Deux Belgien, Frankreich, Luxemburg 2019 – 95min.
Filmkritik
Ich spüre dich
Das Drama «Deux» zeigt die starke Liebe zwischen zwei Frauen, die sich mit gesundheitlichen Komplikationen und dem Nicht-Wissen ihrer Familien über ihre Beziehung auseinandersetzen müssen.

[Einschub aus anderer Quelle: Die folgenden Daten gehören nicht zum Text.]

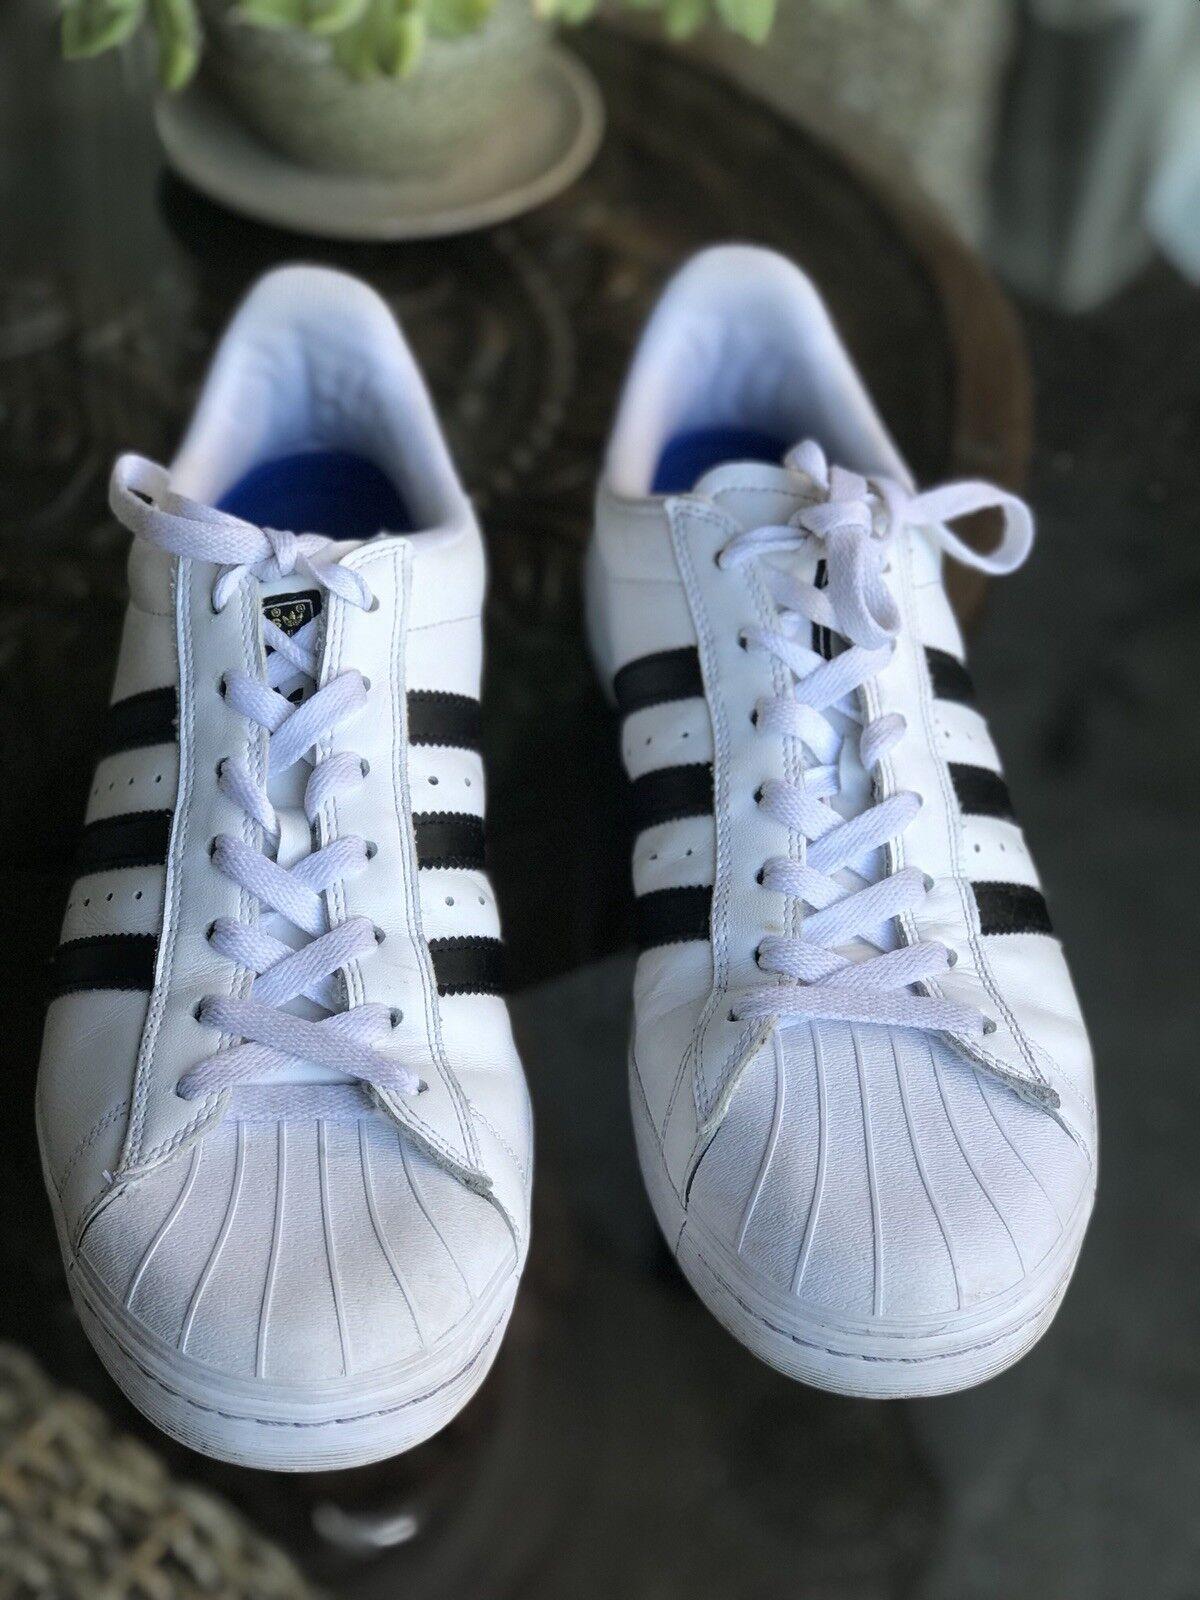 Con Nero Lo Strisce Rodcbex Skate Scarpe 3 Adidas Bianco 35qL4ARj

Nina (Barbara Sukowa) und Madeleine (Martine Chevallier) sind seit Jahrzehnten Nachbarn im obersten Stockwerk. Die beiden Tür an Tür lebenden gehen zwischen den Wohnungen hin und her, geniessen und teilen die Freuden des täglichen Lebens. Als Madeleine einen Schlaganfall erleidet und dadurch eine starke körperliche Einschränkung erfährt, stellt dies die Beziehung der beiden auf den Kopf. Durch einen vorherigen Streit ist Nina im Zwiespalt: Gespalten zwischen dem Respekt vor Madeleine, diese nicht versehentlich und gegen ihren Willen vor ihrer Familie zu outen, die nichts über die beiden Liebenden und ihre Zukunftspläne weiss, und der Gewohnheit, die Gesellschaft der anderen und das Bett zu teilen.
Die grösste Herausforderung ist die strenge Pflegekraft von Mado, die rund um die Uhr dafür sorgt, dass Nina keine Zeit mit Madeleine verbringen kann. Dies bringt sie in die Situation, die Arbeit der Pflegerin zu sabotieren, um zumindest ein wenig Zeit mit Madeleine verbringen zu können.
Hauptdarstellerin Martine Chevallier überzeugt wortkarg durch ihre ausdrucksstarke Darstellung und reagiert auf die sensiblen Versuche von Barbara Sukowa, Madeleine wieder in ihr gewohntes Leben zu führen. Die beiden gegensätzlichen Rollen erzeugen ein grossartiges dynamisches Spiel: Zwischen dem Charakter der Mado, welche sich introvertiert positioniert und sich immer gezwungen sah ihre Gefühle zurückzuhalten und der stark entschlossenen Kämpferin Nina, die Mado die Türen zu einer selbstbestimmten und unabhängigen Zukunft öffnet. Die stark ausgedehnte Spannungskurve lässt einen auf das Ende hinfiebern, lässt jedoch deutlich auf sich warten. Die simple Geschichte passioniert mit authentischen Gefühlen und Intimität. Faszinierend sind die gekonnt eingesetzten audiovisuelle Elemente, indem der Föhn beim Friseur wie ein startendes Flugzeug klingt.
Sehenswert ist das mitreissende Drama allein schon deswegen, da die Thematik «Coming-out», Zugehörigkeit und zu sich selbst stehen, auf sensible und bescheidene Weise imaginiert wird. Das Werk von Regisseur und Co-Autor Filippo Meneghetti ist eine Mischung aus «Greta» und «Die Erbinnen», wenn späte sexuelle Selbstentfaltung auf eine eingelebte lesbische Beziehung treffen.